* _Aim of the exercise_
Make an exact copy of every entry below, with the pictures left out.

Records contained in a dataset:
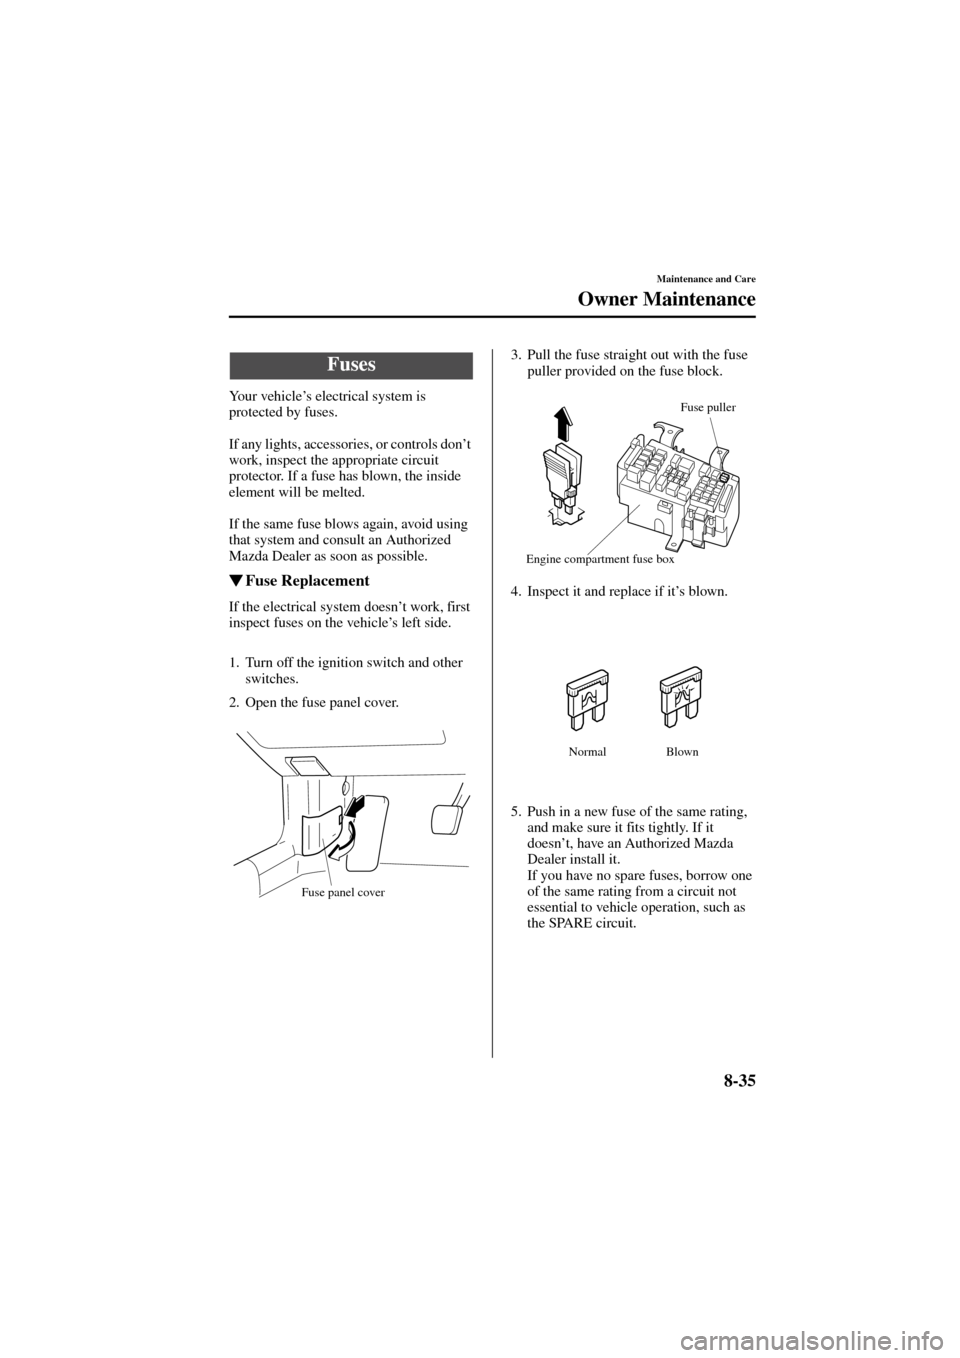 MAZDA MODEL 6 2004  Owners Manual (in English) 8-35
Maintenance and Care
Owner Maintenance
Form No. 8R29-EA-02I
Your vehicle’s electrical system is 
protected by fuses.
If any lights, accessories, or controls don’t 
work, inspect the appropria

* _Answer to this problem_
 MAZDA MODEL 6 2004  Owners Manual (in English) 8-35
Maintenance and Care
Owner Maintenance
Form No. 8R29-EA-02I
Your vehicle’s electrical system is 
protected by fuses.
If any lights, accessories, or controls don’t 
work, inspect the appropria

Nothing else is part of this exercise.